*What to produce:* Find the line below with "Changpeng Zhao, founder and CEO of Binance" and the line with "Soft coral and". Output exactly those lines and everything between them, leaving out the pictures.

*Excerpted records:*
^^^^

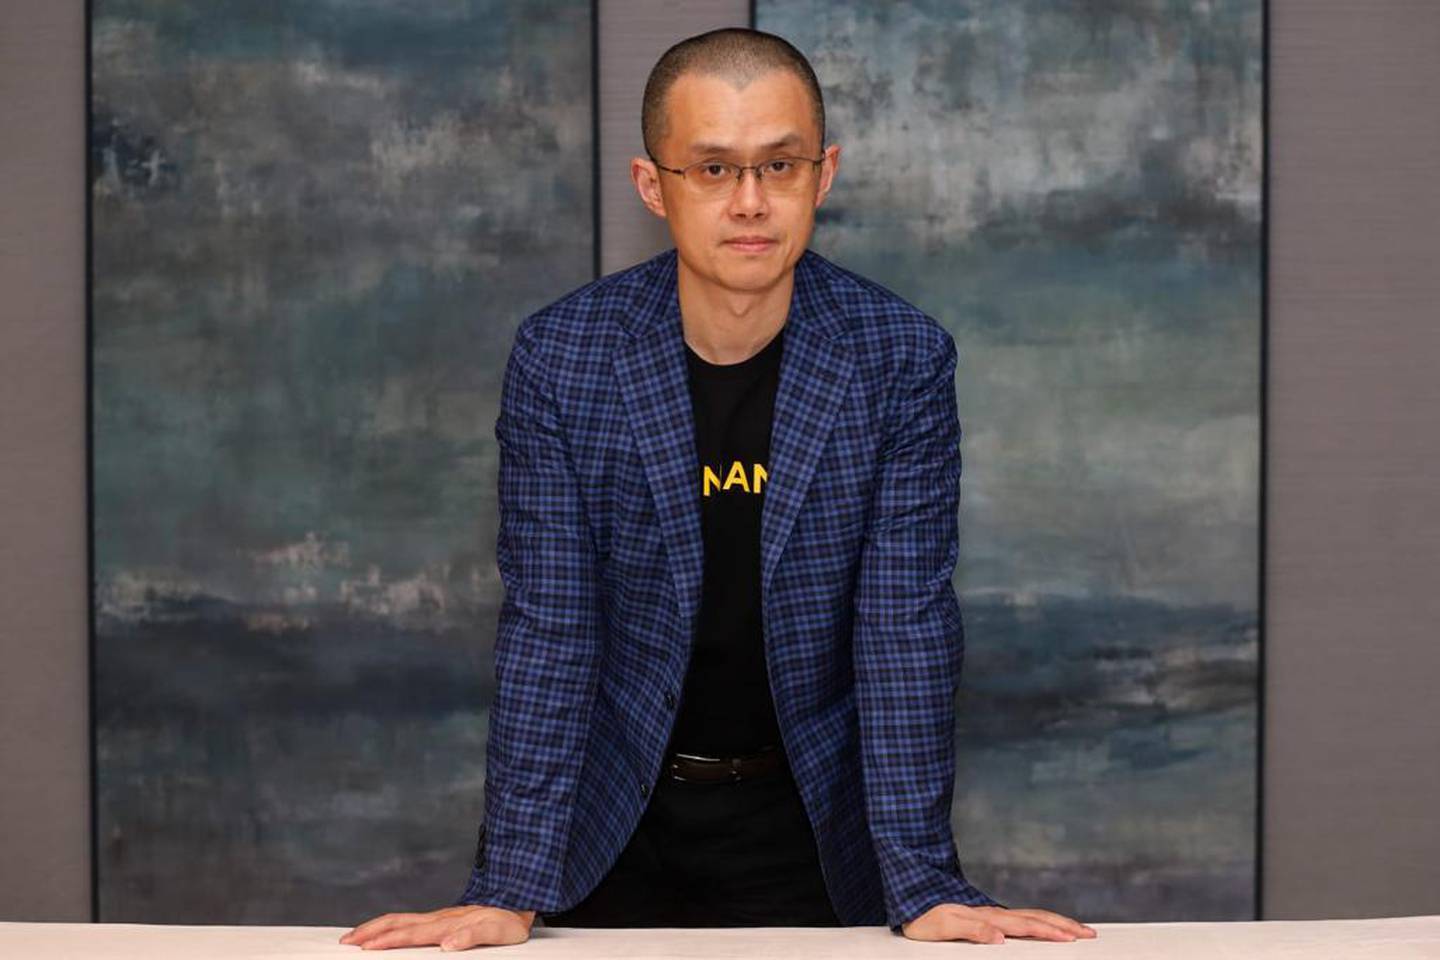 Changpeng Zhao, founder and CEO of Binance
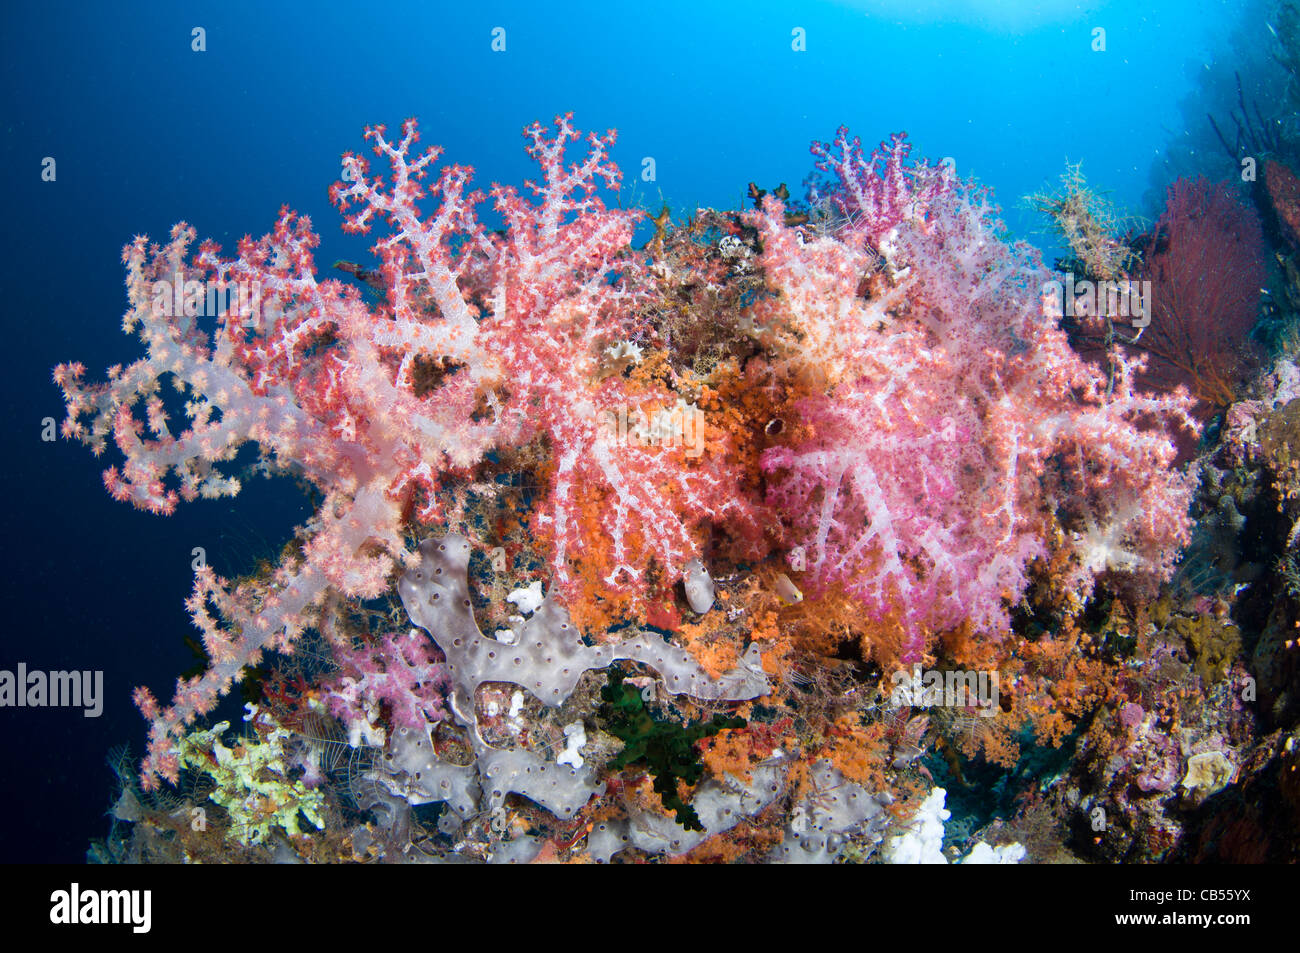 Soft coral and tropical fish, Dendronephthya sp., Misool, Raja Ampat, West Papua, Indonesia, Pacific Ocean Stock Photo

^^^^

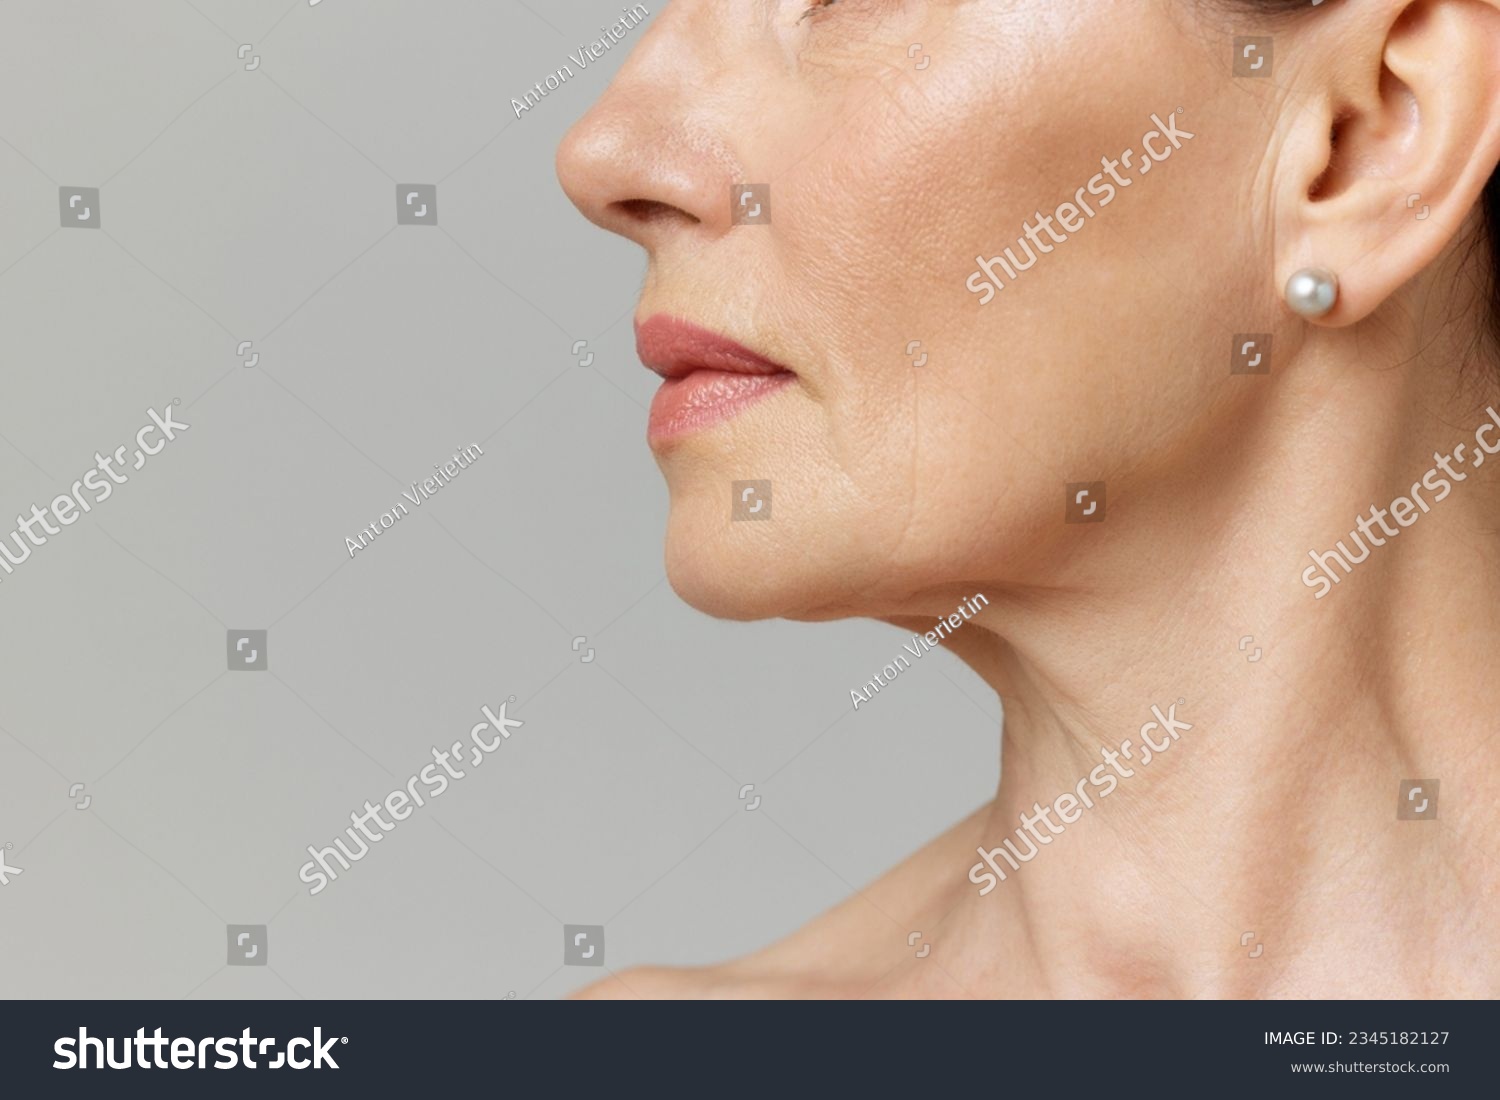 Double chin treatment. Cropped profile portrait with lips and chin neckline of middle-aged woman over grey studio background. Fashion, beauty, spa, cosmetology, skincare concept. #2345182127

^^^^

*Answer area:*
 Changpeng Zhao, founder and CEO of Binance
 Soft coral and tropical fish, Dendronephthya sp., Misool, Raja Ampat, West Papua, Indonesia, Pacific Ocean Stock Photo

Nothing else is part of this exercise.